Not really Kwaka, this post is moving faster than a thousand startled gazelles


----------



## peterjohnson64 (Jun 10, 2006)

pbolomey said:


> hey pete on your avatar what's on your head



a wart




No seriously, a Frilly


----------



## kwaka_80 (Jun 10, 2006)

regularly you get it from a bottle


----------



## alby (Jun 10, 2006)

haha its his other half pablo or as pete would call it his filly


----------



## Rennie (Jun 10, 2006)

pbolomey, its a frilly


----------



## alby (Jun 10, 2006)

rennie i think u need to download irc or what ever it is to get it started


----------



## kwaka_80 (Jun 10, 2006)

it is i can see that... lol wouldnt *a thing where you dont have to refresh to see the next persons reply* would be GREAT at times like this 

*Internet Relay Client*


----------



## jordo (Jun 10, 2006)

pete do you have frillys?!?!?! can you post some pics?
/
/
/????


----------



## kwaka_80 (Jun 10, 2006)

yeah its only a 2mb program

i dont read ****, click yes and continue... keeps me moving forward


----------



## alby (Jun 10, 2006)

hahaha but than your chat room would get bombarded by people who have nothing to do with reptiles than it would all turn to poo and we would all be back here again


----------



## Wrasse (Jun 10, 2006)

Dogs in and it's time to kill the lights. Happy chatting guys, catch you all tomorrow, with Rennies the only clear head amongst the lot of you no doubt. 

Night all 

/me sleeps


----------



## kwaka_80 (Jun 10, 2006)

haha this is sooo cool... its all over the shop this topic.... LOVE YA WORK PETE


----------



## alby (Jun 10, 2006)

ok this is me signhin off at 700 member pete your on the loungue see ya in the morning bud


----------



## kwaka_80 (Jun 10, 2006)

you can kick and ban people from entering your room...


----------



## pbolomey (Jun 10, 2006)

No there s a way to setup a chat module only to the site and log in members


----------



## peterjohnson64 (Jun 10, 2006)

Night Wrasse. Luv Ya!


----------



## Rennie (Jun 10, 2006)

I know I'm a bit slow, you don't need to point that out :lol: 
Its also because I do a little work sometimes at work :wink: and I read through some other threads.


----------



## peterjohnson64 (Jun 10, 2006)

pablo, Slatey has said he doesn;t want an IRC room attached to APS. we need our own on MacHerps.


----------



## kwaka_80 (Jun 10, 2006)

yeah im keen on getting something setup for yas... Im VERY fluent in mirc so can setup anything for yas.... i can even make it a privet room that ONLY members on the "members list" can get it

(needs a little technical work from every member, They have to register thier nicks as to validate themselves)


----------



## pbolomey (Jun 10, 2006)

Man Macherps will sooon have one all depending on the number of ppl we get. Been going thru the site and fixing all stuff with finally geeting it to work again. I'm still trying to see if all users can login


----------



## jordo (Jun 10, 2006)

> haha this is sooo cool... its all over the shop this topic....

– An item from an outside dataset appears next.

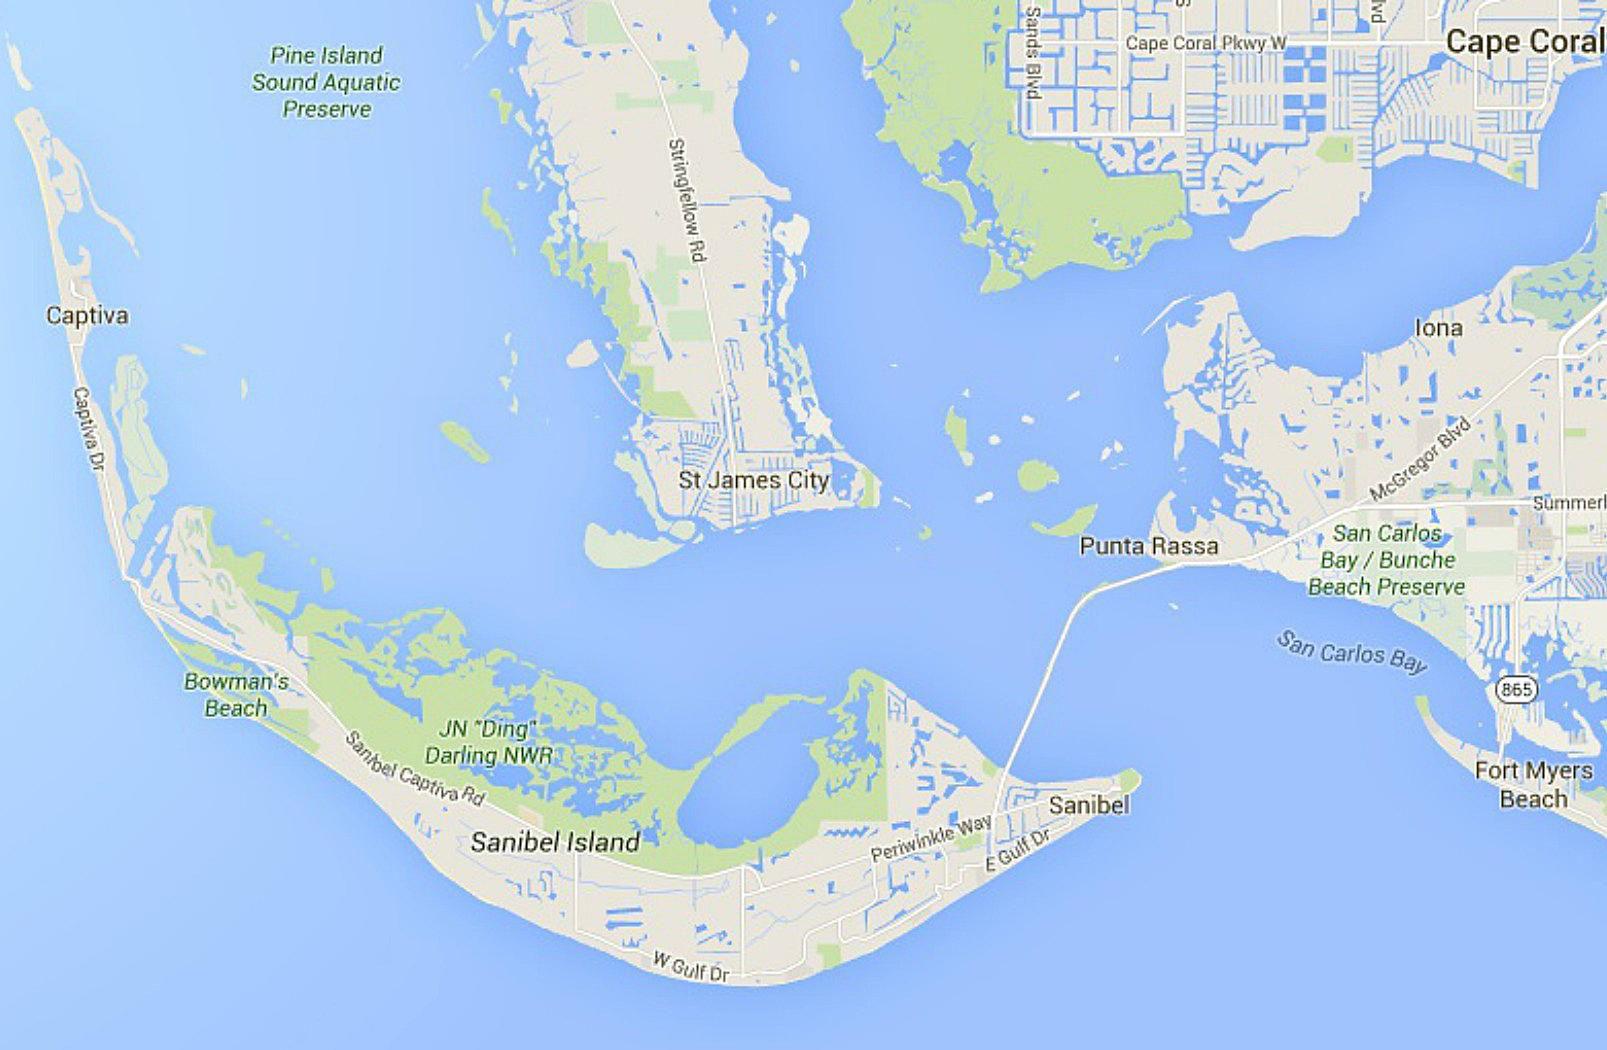 Maps Of Florida: Orlando, Tampa, Miami, Keys, And More - Emerald Island Florida Map
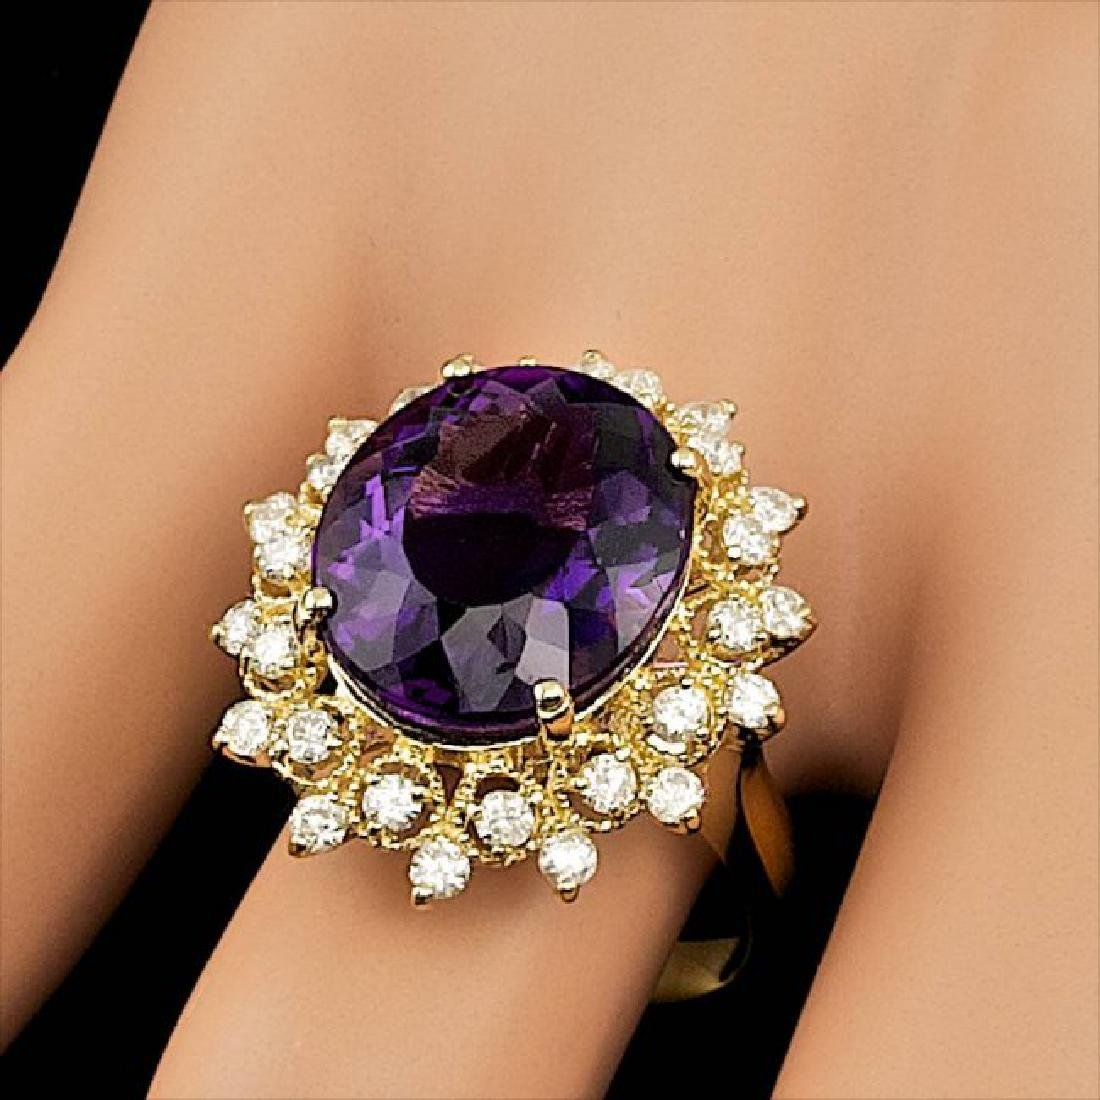 14k Gold 8.00ct Amethyst 0.80ct Diamond Ring - 7

yeah i dont know whats ging on he ehe.


> Night Wrasse. Luv Ya!


aaawww!!!


----------



## jordo (Jun 10, 2006)

what is IRC????


----------



## peterjohnson64 (Jun 10, 2006)

Frilly for Kwaka


----------



## kwaka_80 (Jun 10, 2006)

www.mirc.com
its a chat program pretty much like MSN messenger but an actuall client where you can talk to everyone and not just the person you selected


----------



## peterjohnson64 (Jun 10, 2006)

This guy is soooo cool. He was the best behaved animal at the mac herps show. he knoew he was on display and really wanted to win. pity he lost to one of my other lizards.


----------



## kwaka_80 (Jun 10, 2006)

cheers for that pete a beautifull frilly, I have never seen one other than in pictures... i have always wonderd what there frills feel like


----------



## jordo (Jun 10, 2006)

> Frilly for Kwaka


wasnt it for me  
awsome pic I want one!!


----------



## kwaka_80 (Jun 10, 2006)

haha you need to ask right 

PLEASE AND THANK YOU OR BY CHRIST ILL SPANK YOU


----------



## kwaka_80 (Jun 10, 2006)

slowing down guys geeze havent had a post for 2mins


----------



## jordo (Jun 10, 2006)

> PLEASE AND THANK YOU OR BY CHRIST ILL SPANK YOU


what, very drunmk i dont get it??>


----------



## peterjohnson64 (Jun 10, 2006)

Jordo, it's late night posts, please don't ask me to get things right. OK, so here's one for you


----------



## kwaka_80 (Jun 10, 2006)

you put the peanut in the peanut hole


----------



## peterjohnson64 (Jun 10, 2006)

yeah, well I had to rush out to take that shot ya know. Frillies are my favourite but the lacies are catching up very fast. They are so intelligent


----------



## kwaka_80 (Jun 10, 2006)

lol your than man (if i havent already said) you got the best picture of a dead frill neck lizzard, with the lightest background just then hey  does the sun come out of your ass


----------



## kwaka_80 (Jun 10, 2006)

yeah from this site im kinda getting turned into lizzards aswell as snakes...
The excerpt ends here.